Мальчуган тем временем деловито, лепестками внутрь, сложил кожуру от съеденного банана и сунул ее в карман.
– Он такой аккуратный! – прошептала мать. – Вы только посмотрите, какой он аккуратный. Разве он похож на сумасшедшего?
Я посмотрел на мальчика. Казалось, он не слышал слов матери. Отвесив нижнюю губу, он чесал макушку. Солнце тепло искрилось у него в волосах и отражалось от зрачков, словно от стекла.
– Почему они его не впускают? – бормотала мать. – Он и так несчастней других.
Что на это ответишь?
– Они многих впускают, – сказал я наконец. – Почти всех. Каждое утро кого-то отправляют на берег. Наберитесь терпения.
Я презирал себя за то, что это говорю. Я чувствовал, как меня подмывает спрятаться от этих глаз, которые смотрели из глубин своей беды в ожидании спасительного совета. Не было у меня такого совета. Я смущенно пошарил в кармане, достал немного мелочи и сунул безучастному ребенку прямо в ладошку.

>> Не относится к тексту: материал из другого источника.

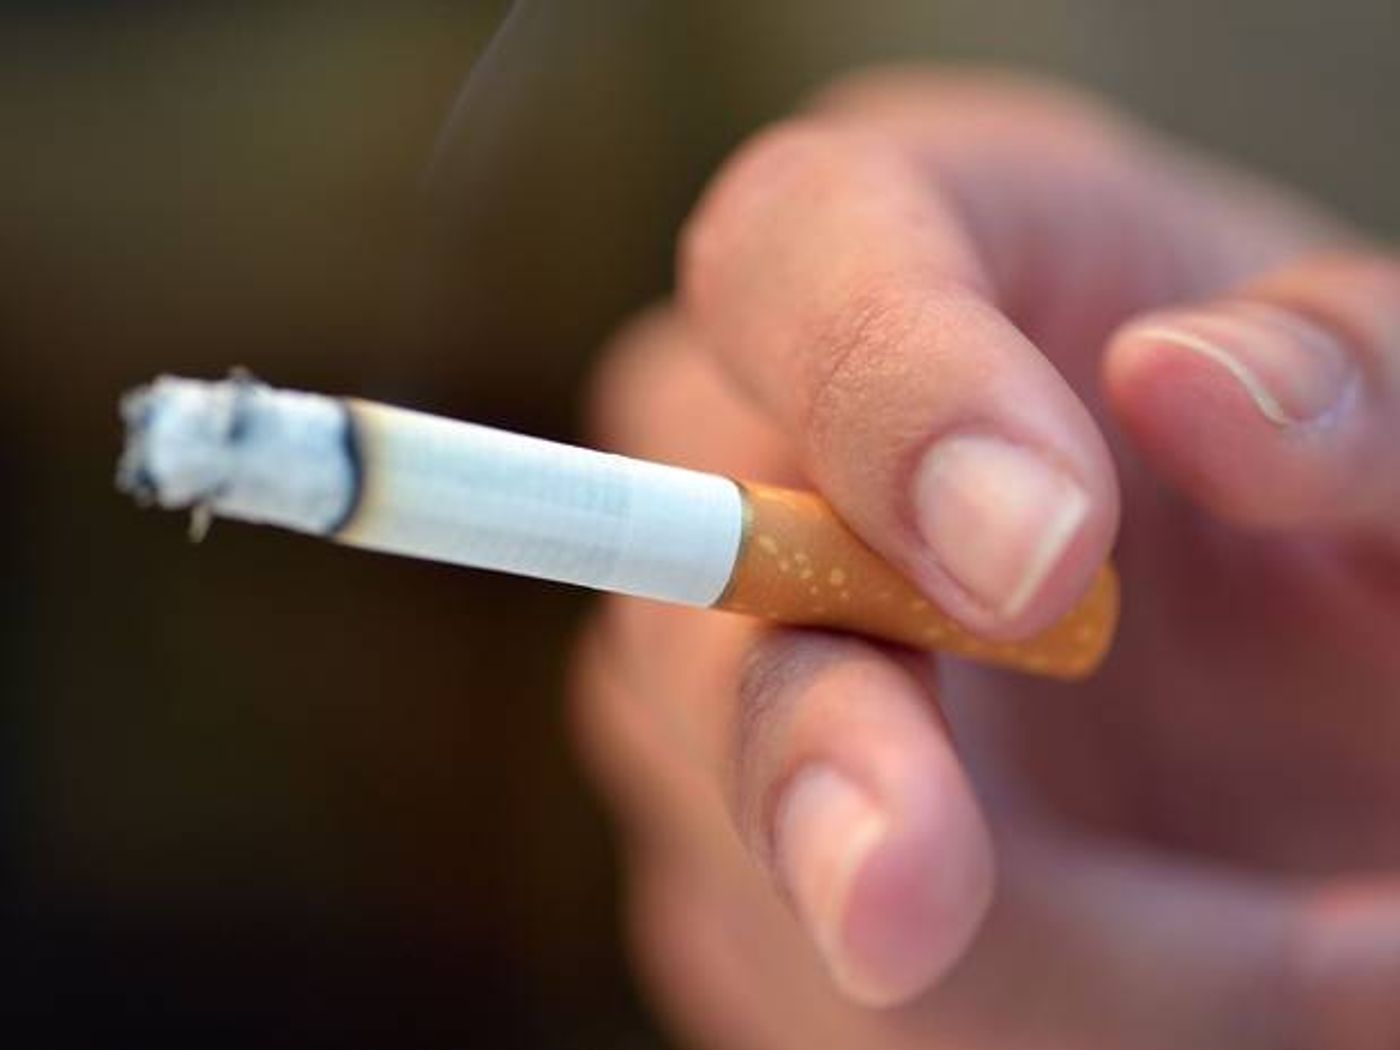 Tobacco-related illness kills nearly 6 million annually.

– На вот, купи себе что-нибудь.
Это сработало старое эмигрантское суеверие – привычка подкупать судьбу такой вот наивной уловкой. Я тут же устыдился своего жеста. Грошовая человечность в уплату за свободу, подумал я. Что дальше? Может, вместе с надеждой уже заявился ее продажный брат-близнец – страх? И ее еще более паскудная дочка – трусость?
Мне плохо спалось этой ночью. Я подолгу слонялся возле окон, за которыми, подрагивая, полыхало северное сияние Нью-Йорка, и думал о своей порушенной жизни. Под утро с каким-то стариком случился приступ. Я видел тени, тревожно метавшиеся вокруг его постели. Кто-то шепотом спрашивал нитроглицерин. Видно, свои таблетки старик потерял.
– Ему нельзя заболевать! – шушукались родственники. – Иначе все пропало! К утру он должен быть на ногах!
Таблеток они так и не нашли, но меланхоличный турок с длинными усами одолжил им свои. Утром старик с грехом пополам поплелся в дневной зал.
Через три дня адвокат явился снова.
– У вас жуткий вид, – закаркал он. – Что с вами?
– Надежда, – с усмешкой ответил я. – Надежда доканывает человека вернее всякого несчастья. Вам ли этого не знать, господин Левин.